イラクのサダム・フセイン元大統領が米軍に拘束された。報道によると、首都バグダッド陥落から八カ月間、米英占領軍へのテロ攻撃を地下で指揮していたというより、ひたすら小人数で逃げ回っていたようだ。

シンボリックな存在だけに一定の治安効果はあるかもしれないが、イラク国民の占領軍に対する不信感が簡単に和らぐものではない。テロ行為は一般国民の支援を受けて続けられているだけに、事態は大きく変わらないのではないか。

現に、元大統領の拘束直後にバグダッドで大規模テロが発生している。

米英軍はフセイン政権という独裁体制を壊すことに成功したが、イラク国民の心をつかむことには成功していない。先日も米国は「イラク復興事業の受注先は協力的な国の企業に限る」と発表したが、これが内外の激しい批判を浴びている。

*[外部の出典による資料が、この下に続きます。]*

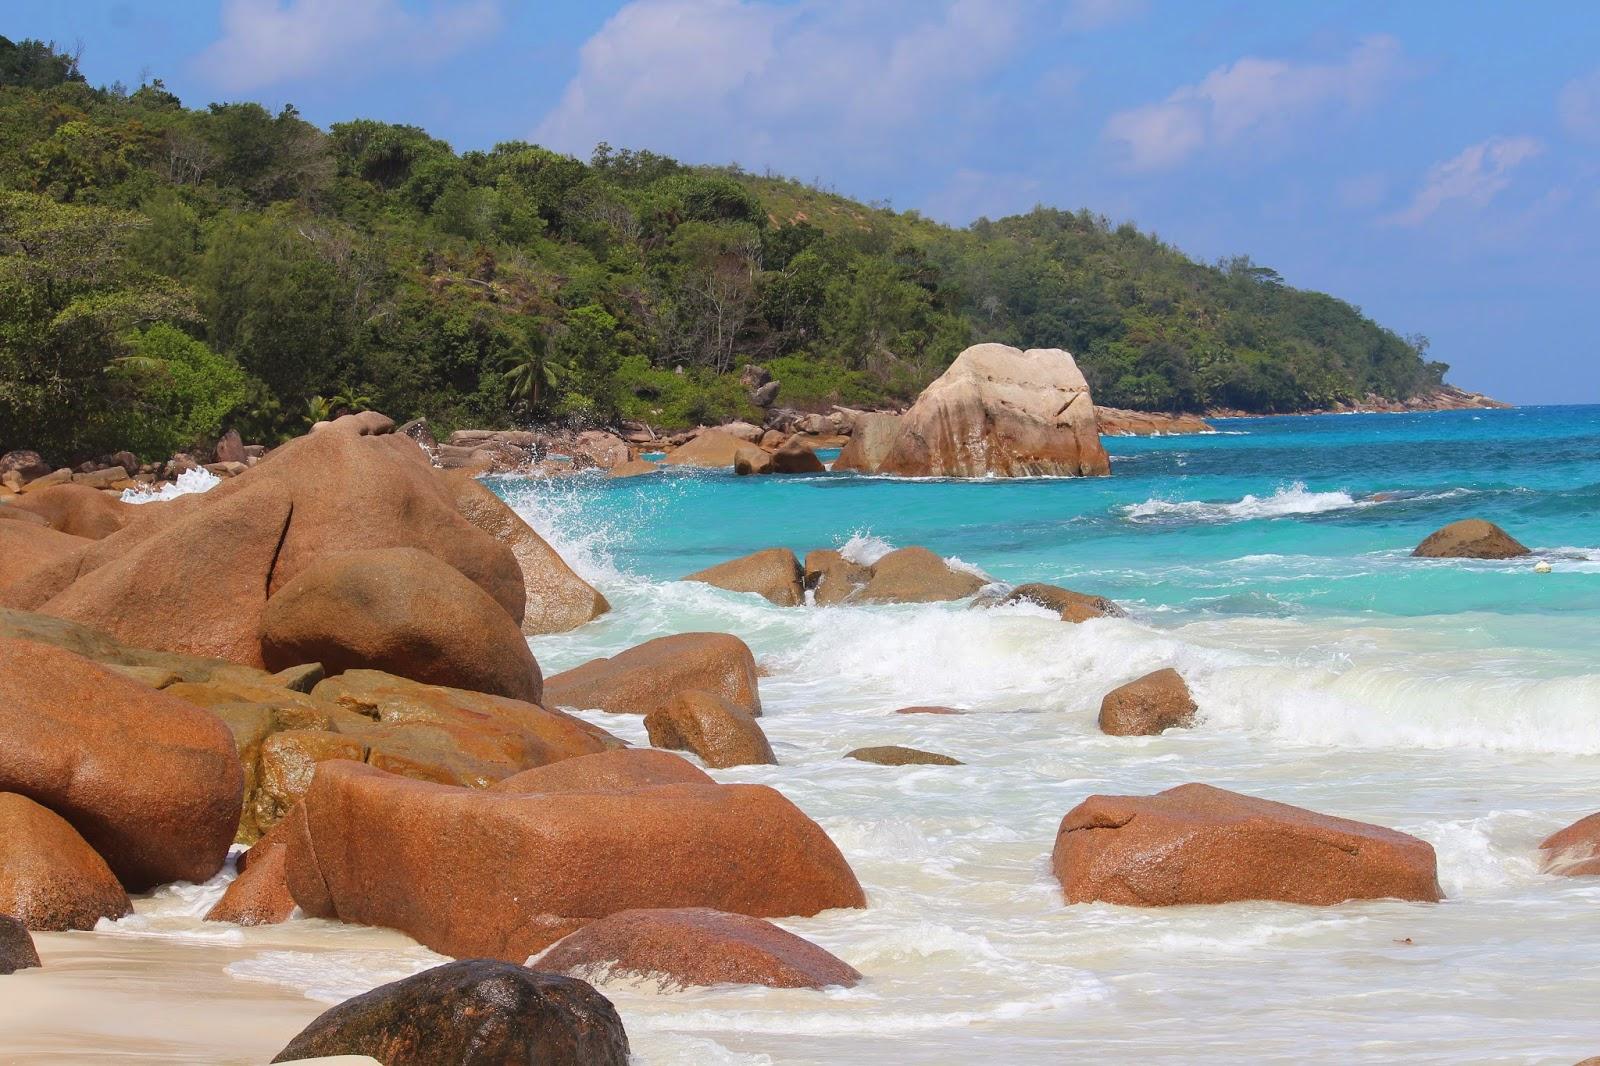 Пляжный сезон на Сейшелах

「占領行政は行き詰まりつつある」との指摘すらある。

こういう現状で、小泉純一郎首相は憲法的解釈やグローバルな理念も示さないまま、自衛隊を派遣して米国のご機嫌を取ろうとしている。日本として、果たしてそれでいいのだろうか?

やはり、米英軍主導のイラク統治を一刻も早く国連主導にして、イラク国民を復興の主人公にする仕組みを構築すべきだろう。急がば回れで、これこそがイラク国内の治安を安定させ、復興活動を円滑に行わせると僕は考えている。

もう一つ、小泉政権の姿勢について疑問を感じさせる動きがある。国民最大の関心事といえる年金改革だ。

厚生年金の保険料水準の上限でいうと、厚生労働省案(年収の二〇%)と財界案(同一六%)が対立し、自民、公明両党はほぼ中間の一八・三五%とすることで決着したが、事の本質は「構造改革」を掲げながら、抜本的改革には一切手をつけず、「負担増大」「給付削減」となる数字だけを変更しようとする首相自身にある。

これまで何度も厚生大臣を務めてきた首相は、その度に「抜本的改革をやる」といっては年金改革法案を提出してきたが、やはり保険料や給付額の数字をチマチマと変更するだけで、年金制度の構造を本質から変えるような改革には取り組んでこなかった。

まさに、デタラメな政治家の極みなのだ。国民の方々の豊かな老後のためにも、こんないい加減な政治は今年限りにした方がいい。